Inference-Time Techniques for LLM Reasoning

Disclaimer: Prompt optimisation is a dynamic field, new tricks are being developed every day, so stay tuned!

This page outlines various prompting techniques that can significantly improve LLM’s reasoning capabilities during inference. While these methods enhance performance, they also increase input prompt length or require multiple prompts, resulting in higher computational costs.

1. CoT Prompting Techniques

Chain-of-Thought (CoT) prompting encourages LLMs to break down complex reasoning into intermediate steps, similar to how humans solve problems. This approach helps models tackle multi-step reasoning tasks more effectively by providing a structured thinking path.

There are several CoT variants:

Few-shot CoT: Provides examples of step-by-step reasoning before asking the model to solve a problem
Zero-shot CoT: Uses simple prompts like “Let’s think step by step” without examples
Analogical prompting: Instructs the LLM to generate relevant examples by itself before solving

Effectiveness hierarchy:

┌────────────────────────┐
│ Most Effective         │
├────────────────────────┤
│ Analogical Prompting   │ ← (LLM produces examples close to human-generated one => initiating reasoning)
├────────────────────────┤
│ Few-shot CoT           │ ← (Human provides examples)
├────────────────────────┤
│ Zero-shot CoT          │ ← ("Let's think step by step")
├────────────────────────┤
│ Zero-shot (basic)      │ ← (Direct question)
├────────────────────────┤
│ Least Effective        │
└────────────────────────┘

2. LLM as a prompt optimiser

Optimiser can include two LLMs:

For generating better prompts
For prompt evaluation

3. Least-to-most prompting

A prompt engineering method that increases the problem-solving capabilities of LLMs by breaking down complex problems into a series of simpler subproblems that get executed sequentially. Implementation can be done by chaining 3 prompts:

Generate/find examples and decompose them
Decompose original task
Solve subproblems

4. Self-Discover

Instruct the LLM to compose reasoning structures for each task (2 stages):

Discover the structure
Ask to solve according to the structure

5. Self-Consistency

This technique involves generating multiple answers and selecting the most consistent final answer. It significantly boosts performance compared to single-path generation, but increases token usage in n times (n - number of generated answers).

6. Tree of Thoughts (ToT)

This approach extends CoT by exploring multiple reasoning paths in parallel, evaluating (by some trained evaluator model) the intermediate steps, and selecting the most promising branches (can reduce costs by cutting down non-promising paths if there is a good evaluator).

7. Iterative Self-Improvement

Methods like Reflexion and Self-Refine are presented, where LLMs generate feedback on their own outputs and iteratively refine them.

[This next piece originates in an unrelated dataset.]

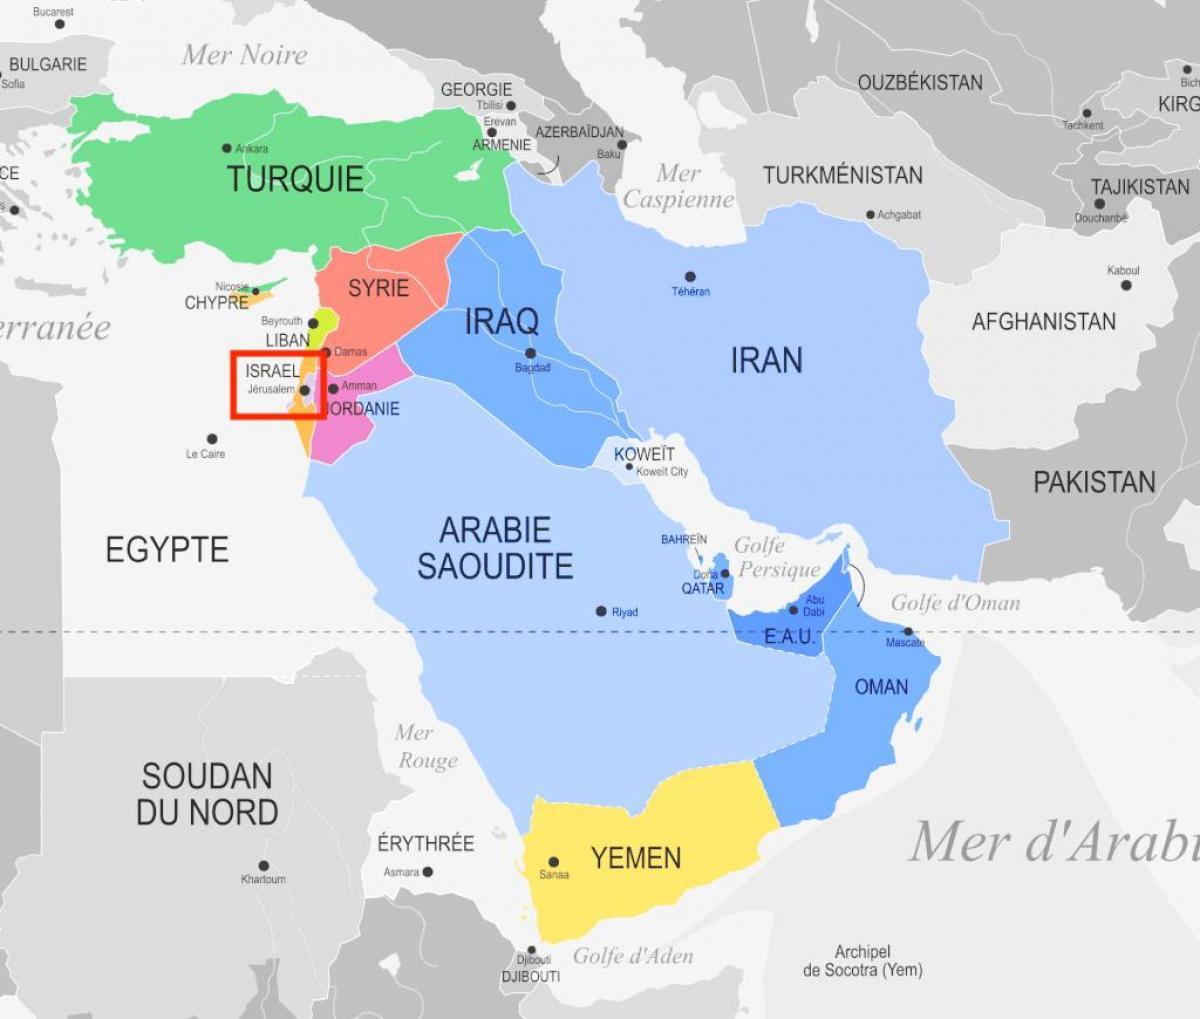 Jerusalem map middle east jerusalem on map of middle east israel jerusalem on map of middle east gumiabroncs Image collections
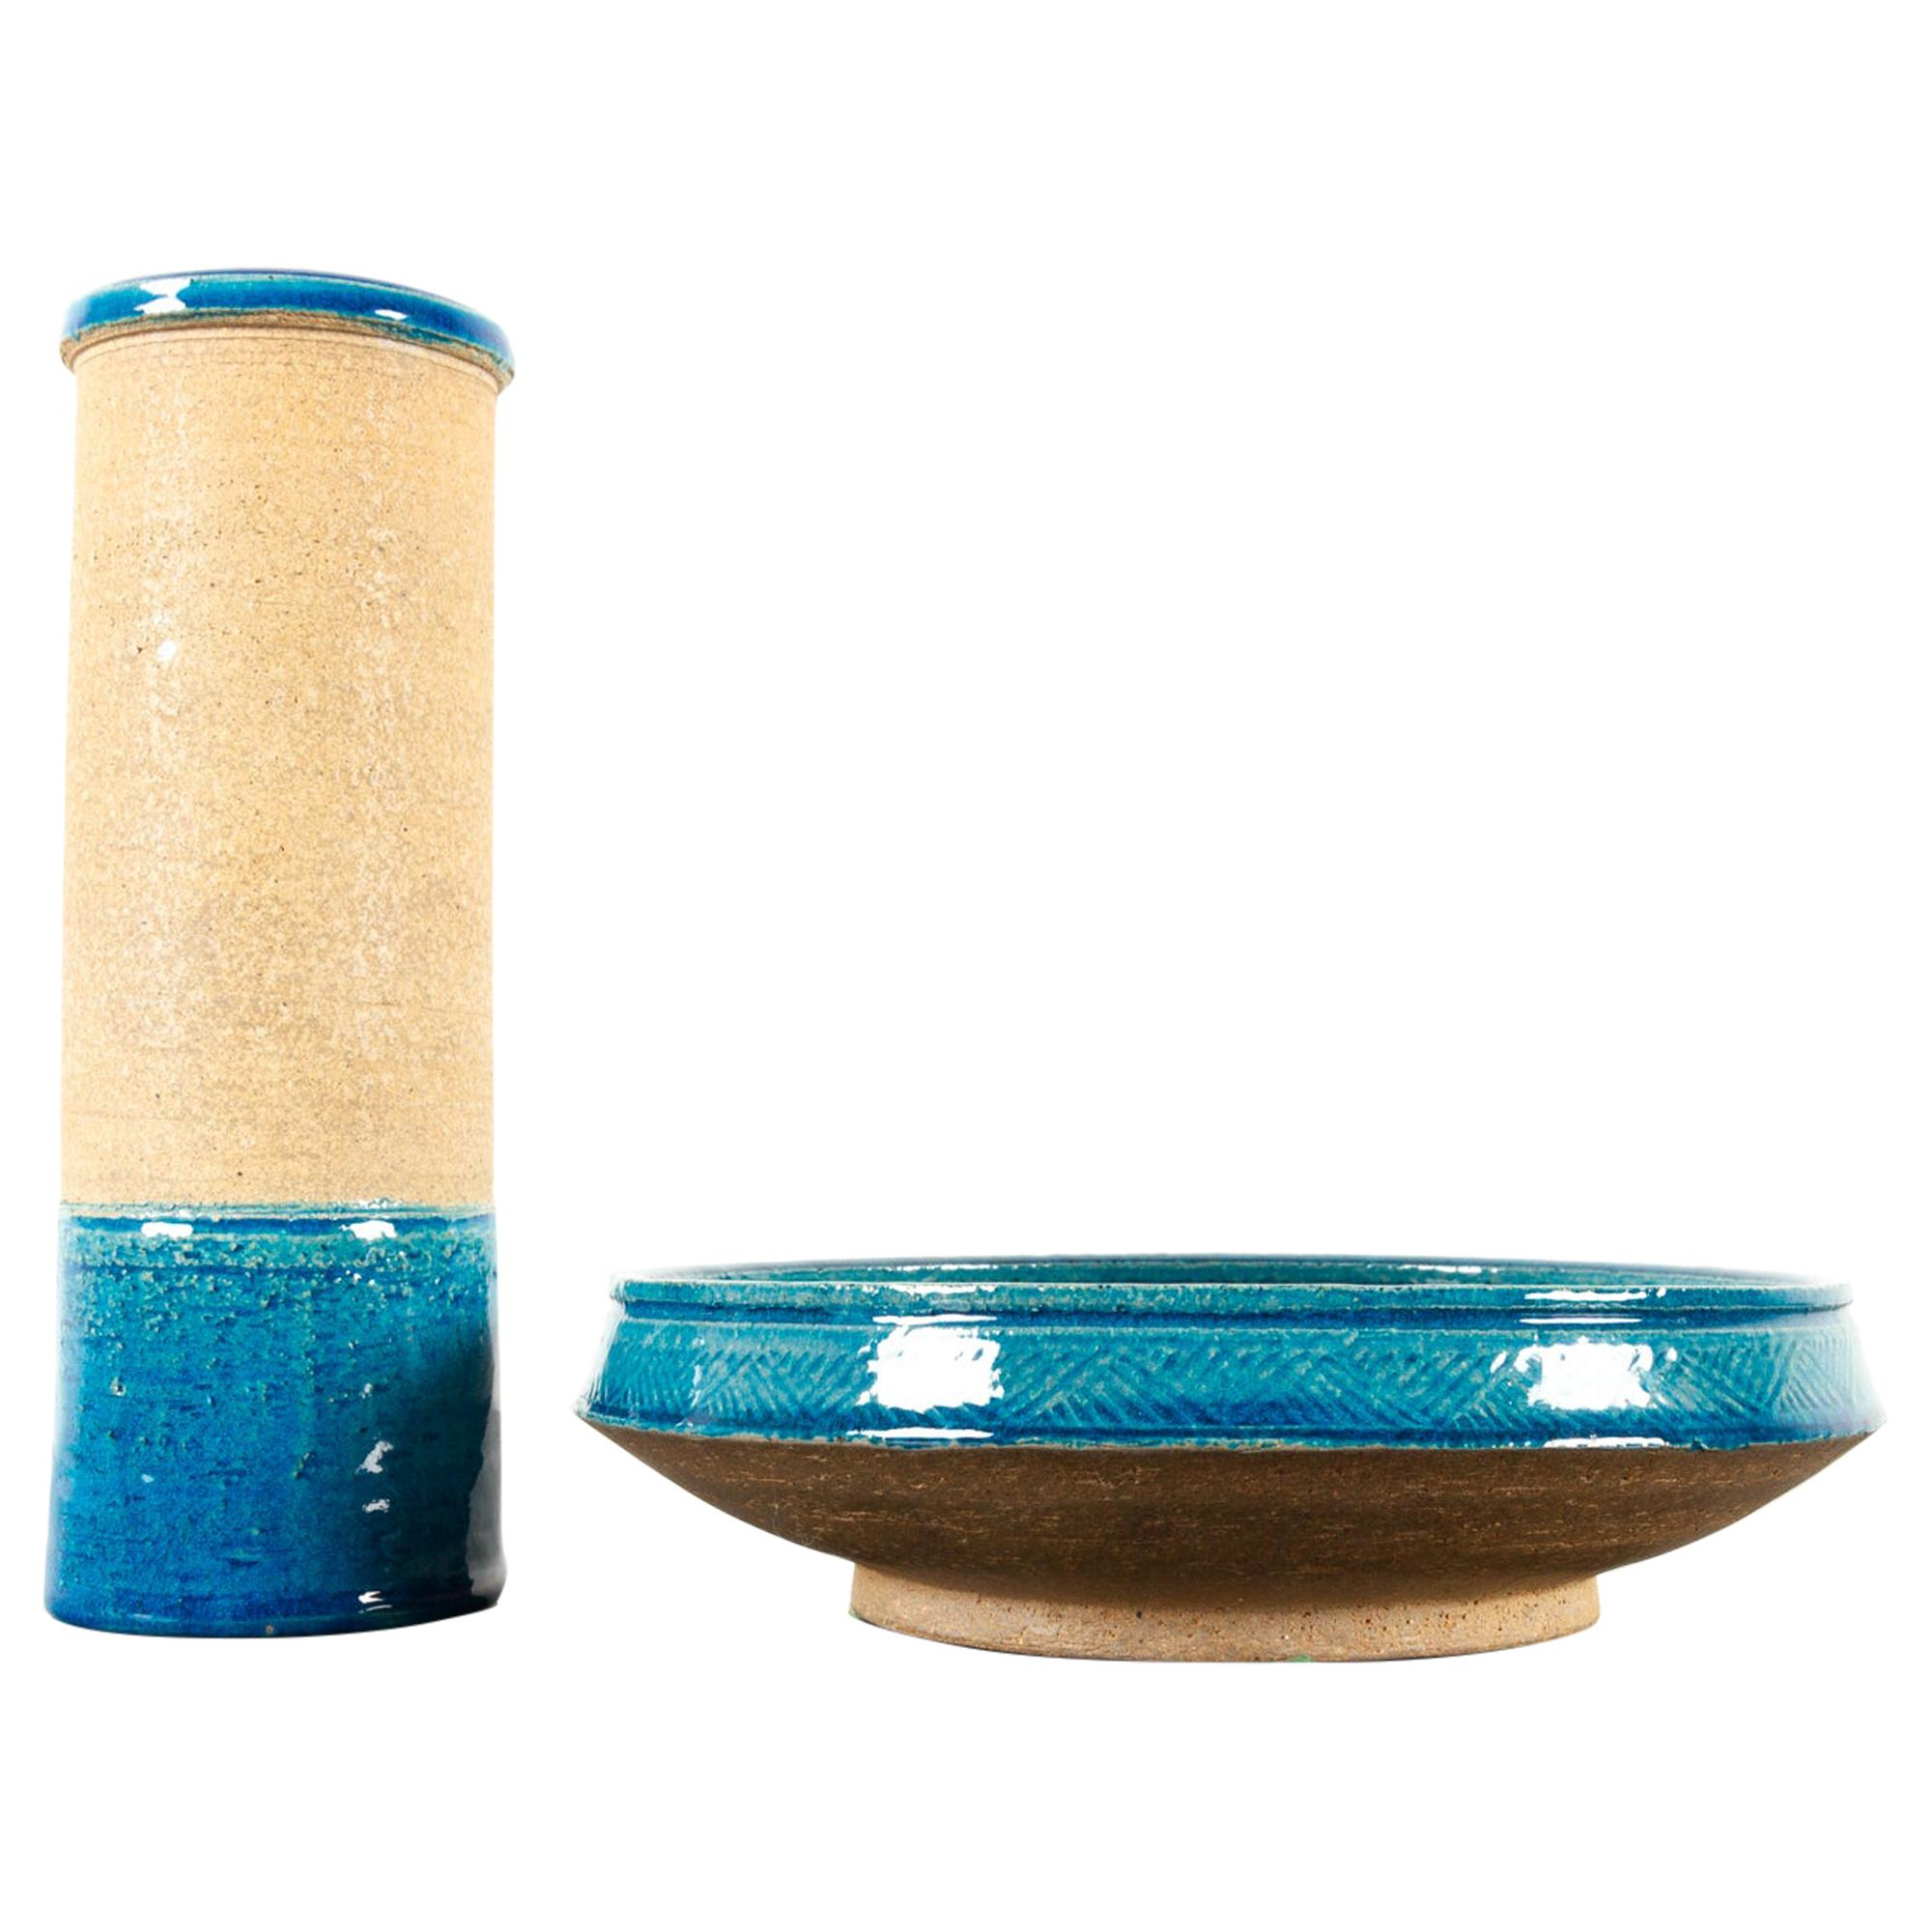 Vintage Danish Ceramic Bowl and Vase by Nils Kähler for Kähler Ceramics, 1960s

Self-debugging for code generation is also covered.

8. Limitations of Self-Correction

Self-correction without an oracle verifier can sometimes hurt performance, as LLMs may incorrectly judge their own answers (and such an oracle is often unavailable).

9. Optimization of Inference Cost

Prompting Techniques can improve performance significantly, however bigger (more expensive) models provide boost on complicated tasks where smaller models struggle to show correct solutions.

Overall

The presentation explores various techniques to improve LLM reasoning at inference time, emphasizing the importance of prompting strategies, generating multiple solutions, and iterative self-improvement. It also acknowledges the limitations of current self-correction methods and the ongoing research in this area.